A burly Bottom in beret and vest leads the homespuns, including a chunky Quince, a doddering Starvling, and a rail-thin Flute with bed-head hair and boots but no socks. After he is "translated," Bottom appears in hooves and antlers that are green and black, like the huge pillows scattered across the stage. A purring Titania embraces him with unrestrained carnality, crawling between his feet, caressing his enormous paunch after stripping him of his shirt, then massaging him with her legs. When the fairies spirit the bewitched Bottom upstage to lie upon a large rug, they have comic trouble lifting and carrying his great weight. Puck wraps Bottom and Titania together in the rug, and he breaks one of the pillows open, so feathers fly - literally and figuratively - as the first act comes to its end.

At times he behaves with indifference, but Puck's more characteristic malice is evidenced by his scornful treatment of the lovers and rustics. He uses harsh finger-snaps and curt waves to make them fall asleep, and, constantly onstage, he mocks and mimics them throughout the 3.2 confusion. Puck applauds one of Demetrius' caustic comments to Helena, then hands her a pillow with which to strike him; he imitates their voices to enrage them against each other; and he amuses himself with the bedeviled Helena, repeatedly passing a hand in front of her face to make her smile then frown: "lord, what fools these mortals be."

Puck's malicious influence pervades the lovers.

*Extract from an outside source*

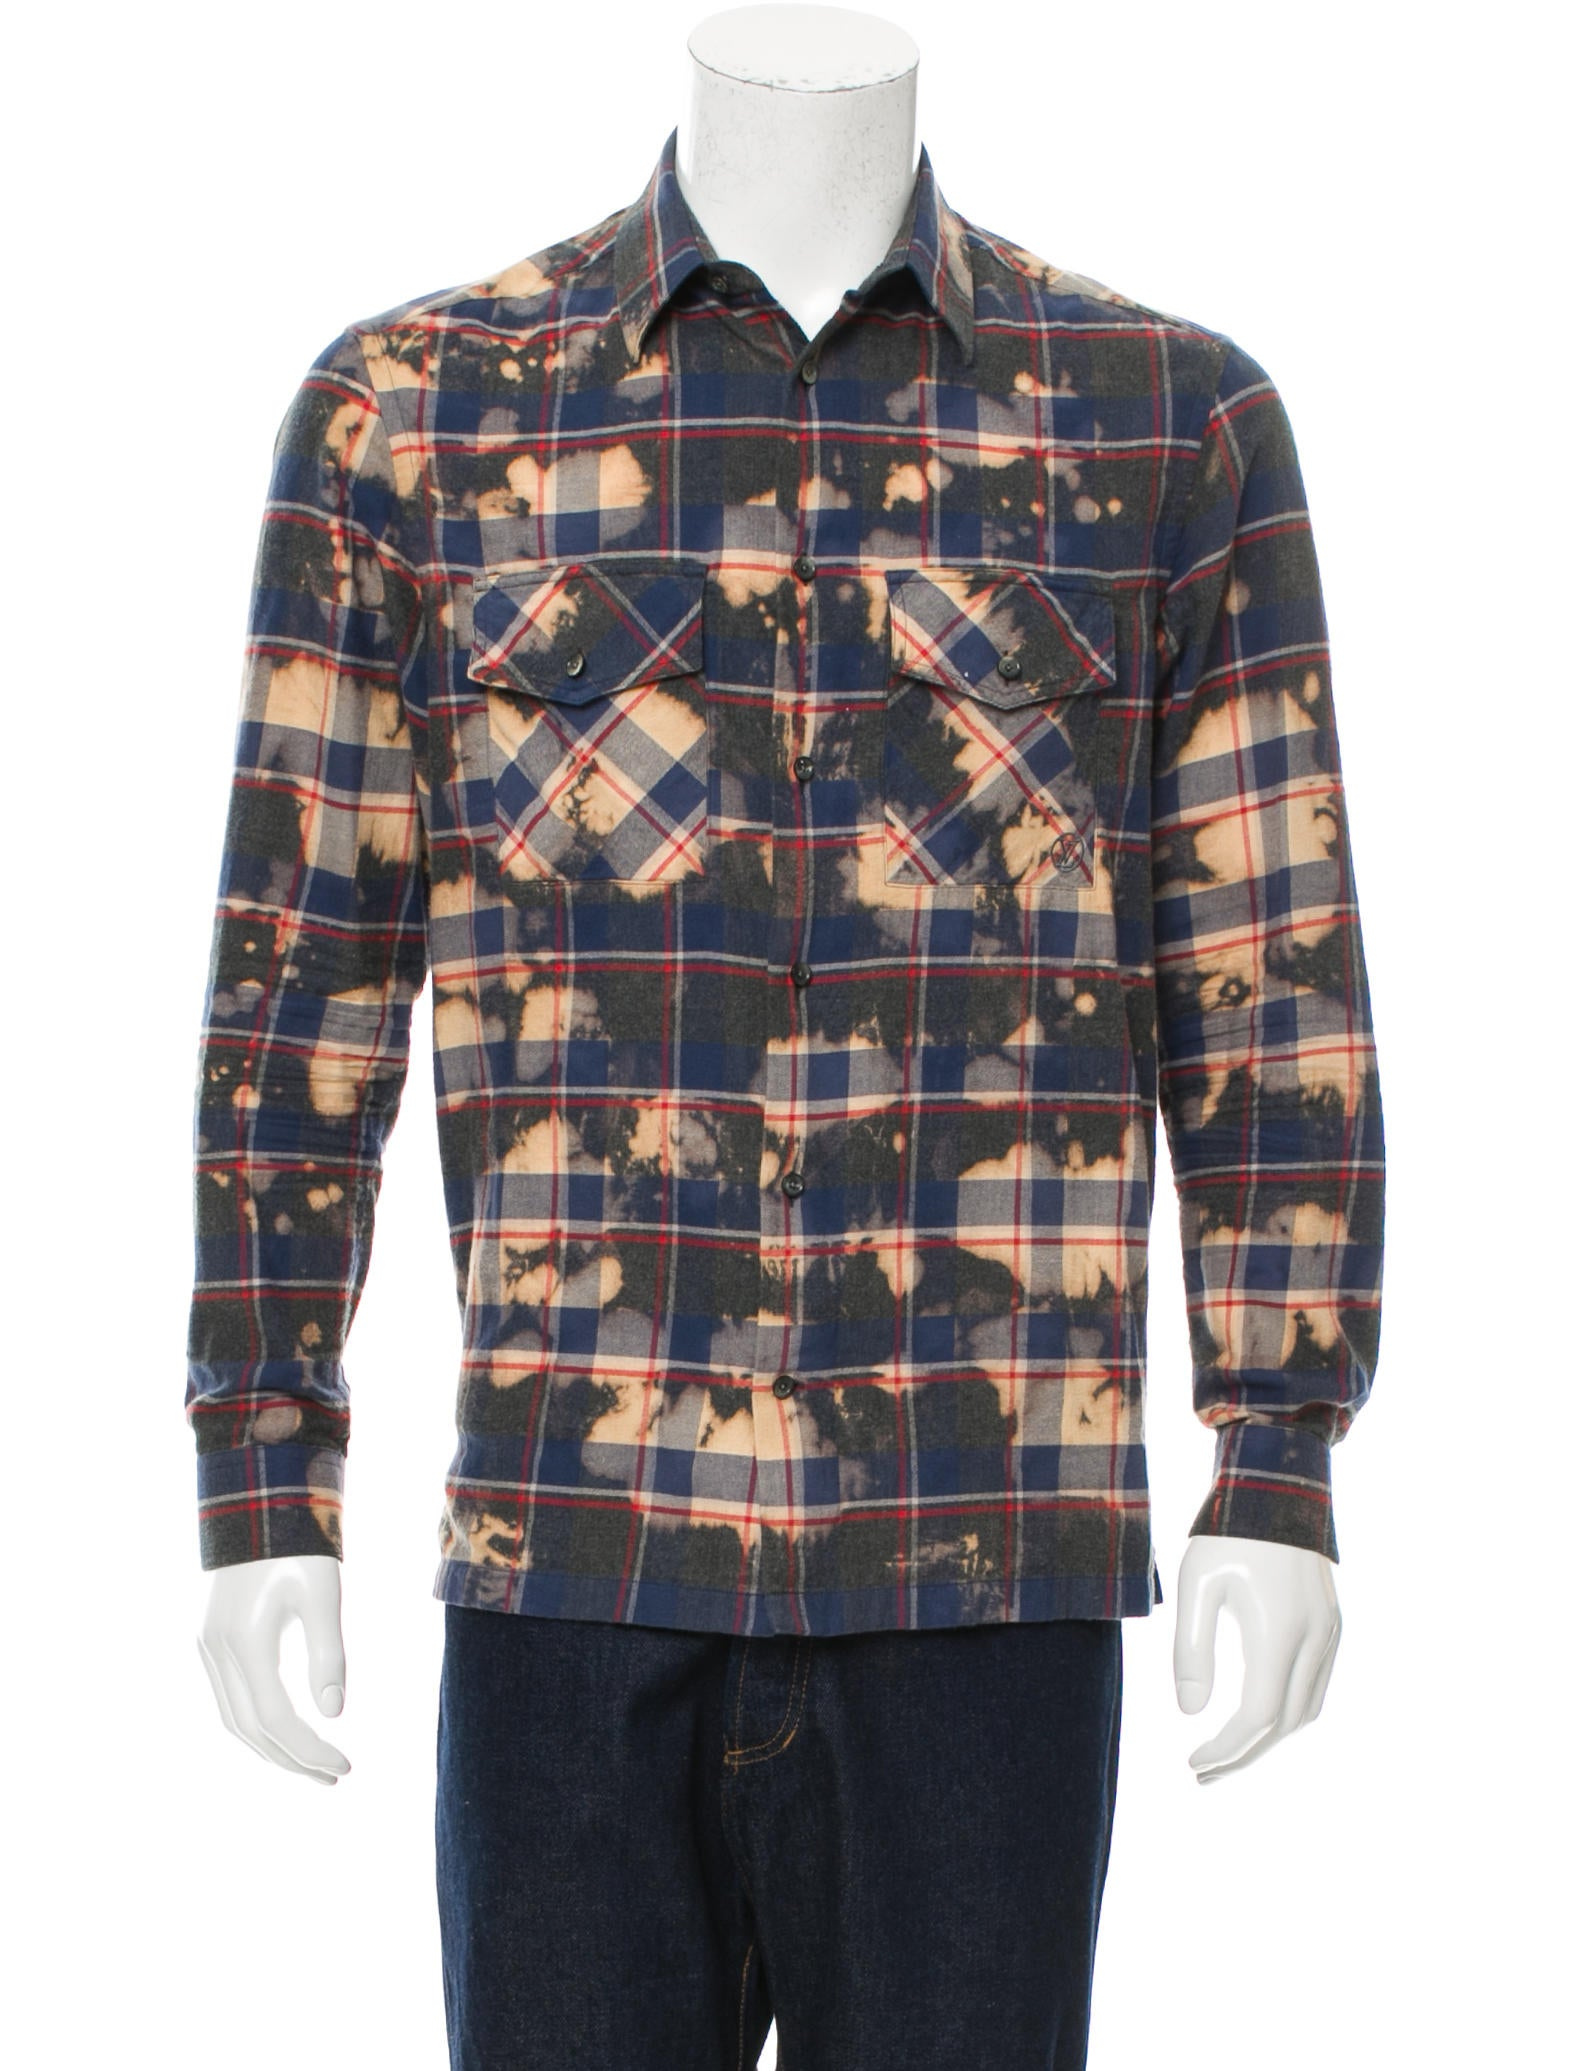 f2e57e5a267e Louis Vuitton Flannel Button-Up Shirt - Clothing - LOU112904

Under Puck's spell, delivered with a red pen-light, a gymnastic Lysander behaves with callous disregard to Hermia, who literally - and comically - clings to his every movement. Moments later, Lysander and Demetrius catch Hermia in mid-air as she leaps in anger at Helena, and then they gesture with her limbs to make their own verbal points before burying her beneath a pile of pillows.

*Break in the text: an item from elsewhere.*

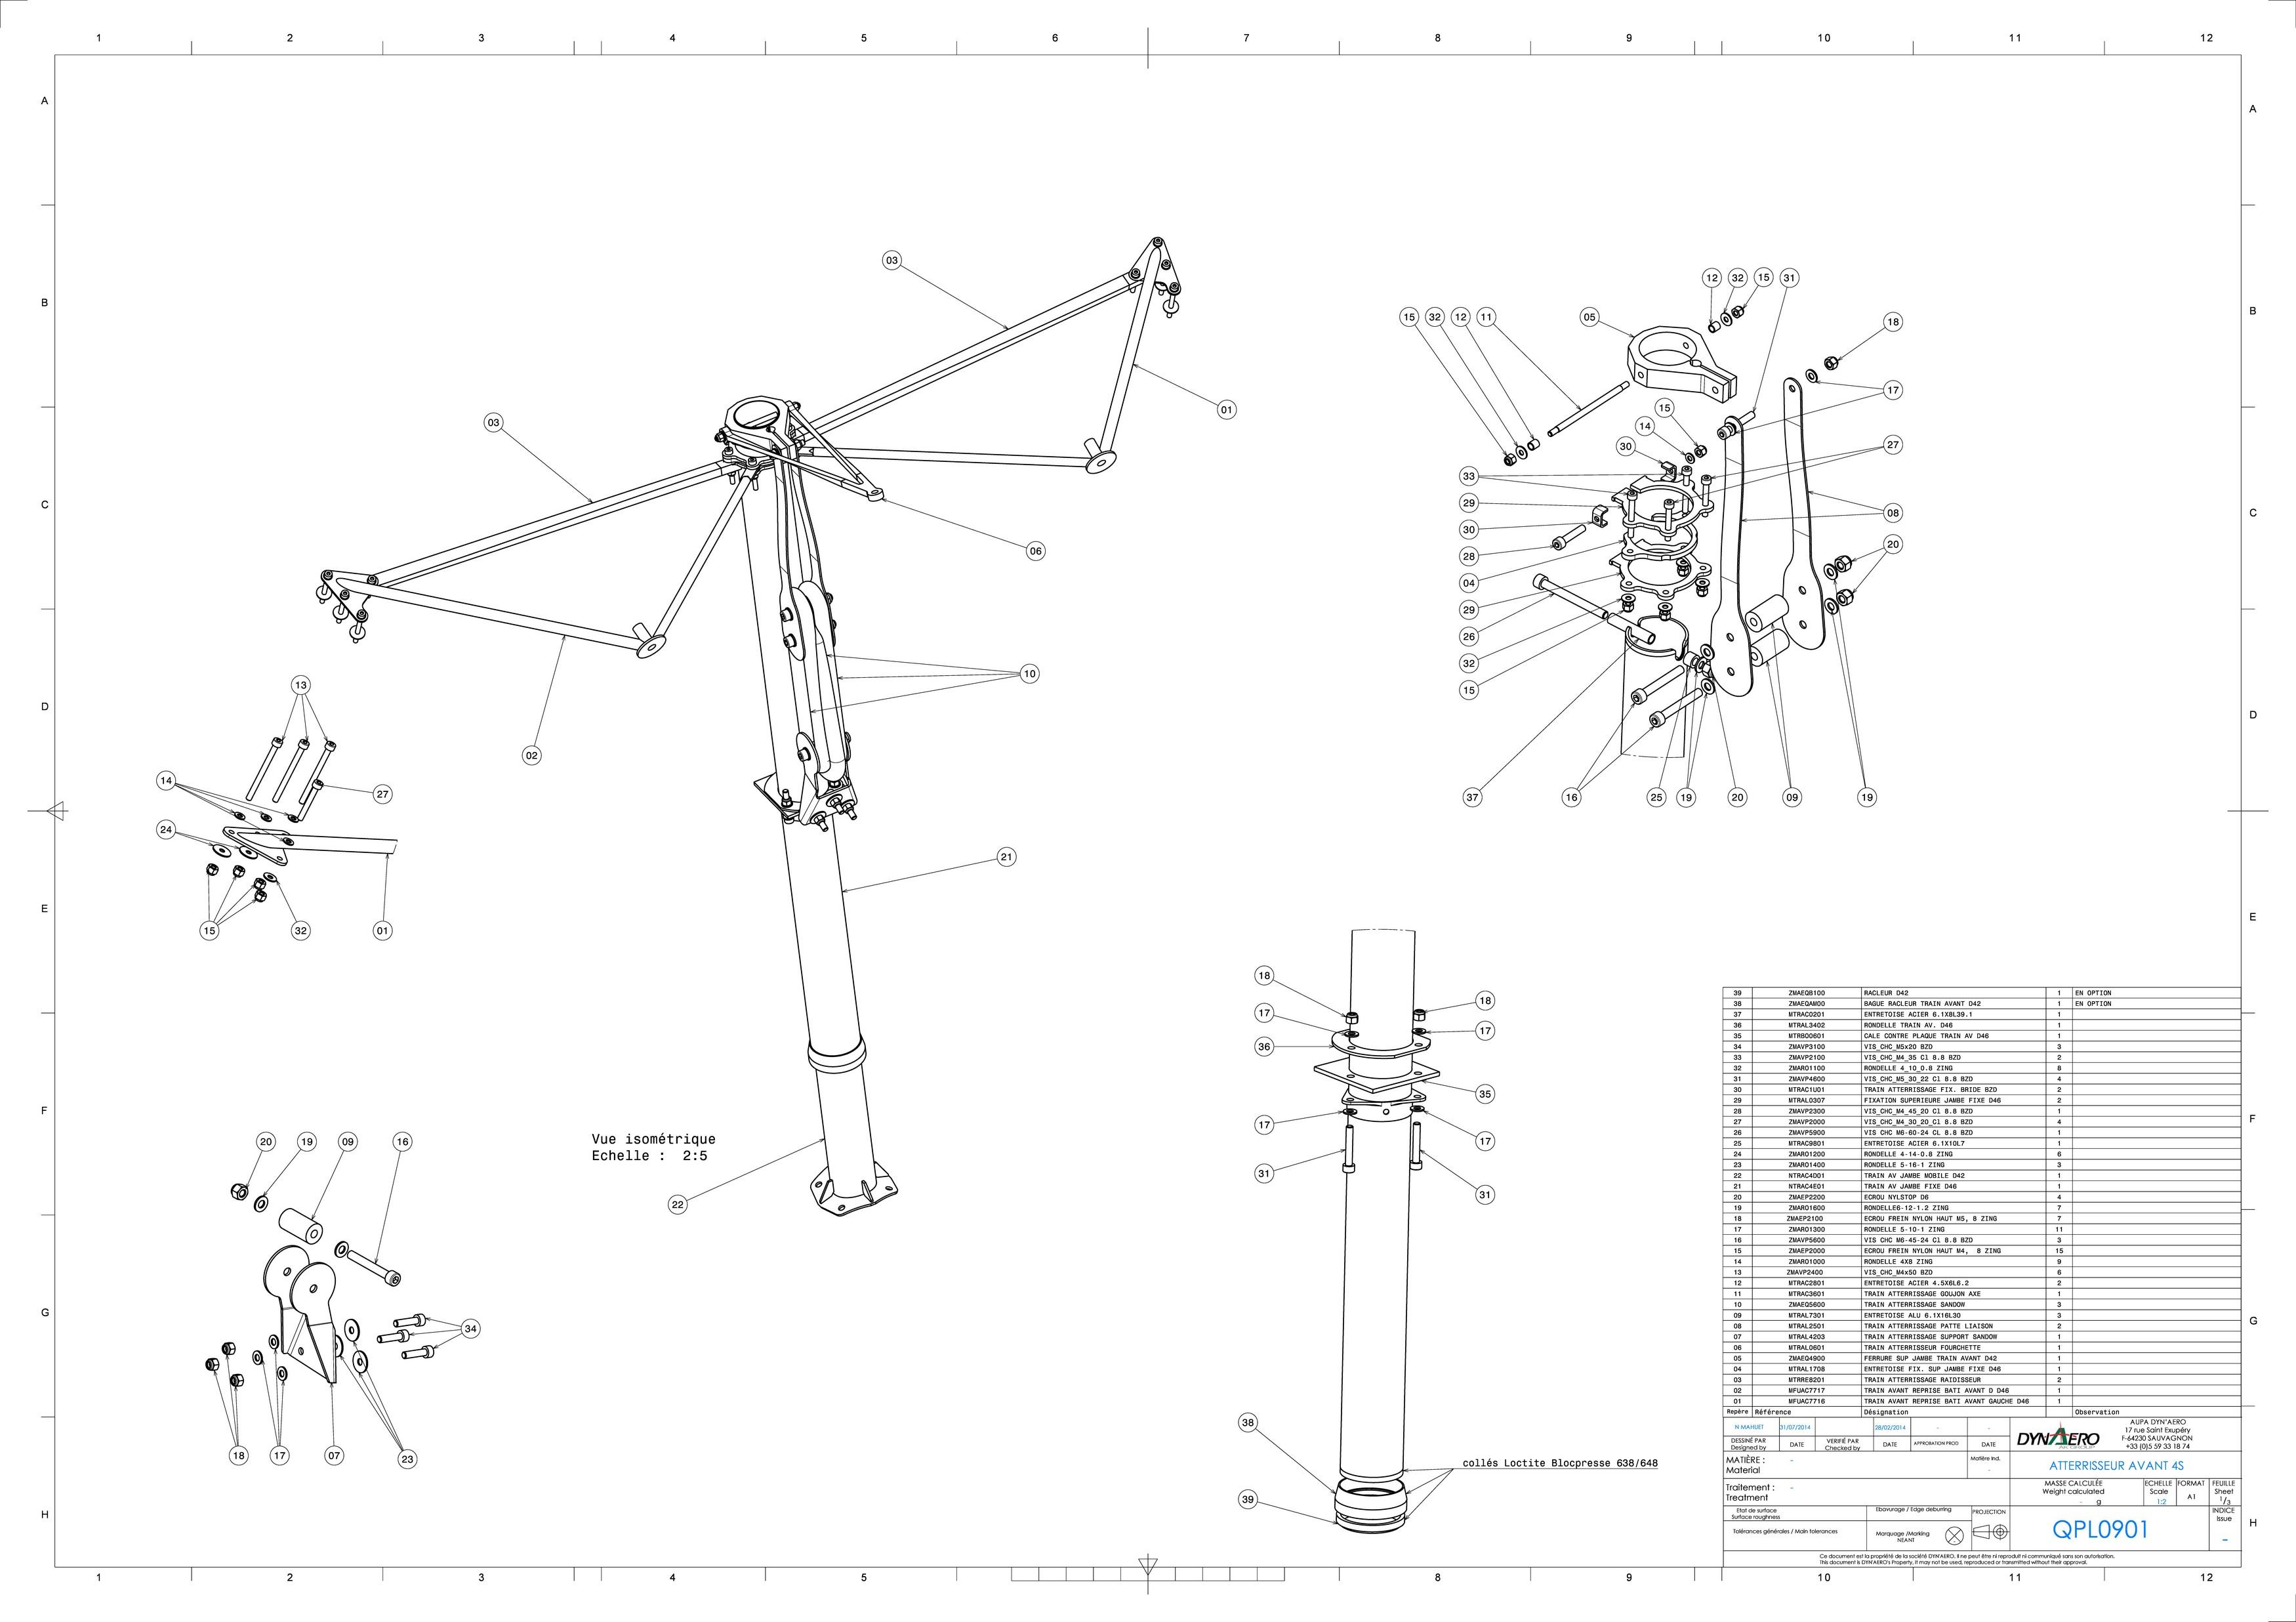 QPL0901 ATTERRISEUR AVANT MCR-4S QS

Marton uses the doubling - Titania with Hippolyta, Oberon with Theseus - to good effect. The line between mortal and immortal blurs for the audience because there is no differentiation between the Duke and his wife and the King and Queen of the Fairy kingdom. Bottom, when taking the stage in the play within the play, gives an exaggerated and telling double take when he first sees Hippolyta, sensing her true identity.

The production concludes after the young lovers inadvertently pair off with the wrong mates then correct themselves. Oberon and Titania reconcile, then remove their dark robes to expose the white attire of Theseus and Hippolyta - revealing themselves to be their earthly counterparts. Puck's disapproval is apparent, but he is whisked out of sight upon the rising catwalk, although he of course returns for the final "if we shadows have offended" speech - an apology delivered without remorse, quite appropriately, at least for Marton's vision of Puck.

Court's A Midsummer Night's Dream certainly succeeds in its intention, although it becomes difficult to enjoy such unlikable spirit-world characters. The darkness and malevolence of tone are less entertaining, although more disturbing - and admittedly more interesting - than a standard issue Midsummer's Night. Trouble is, the play works best as a romantic entertainment.

Note: A version of this article was edited and published in Shakespeare Bulletin, Vol.17, No.2, Spring 1999.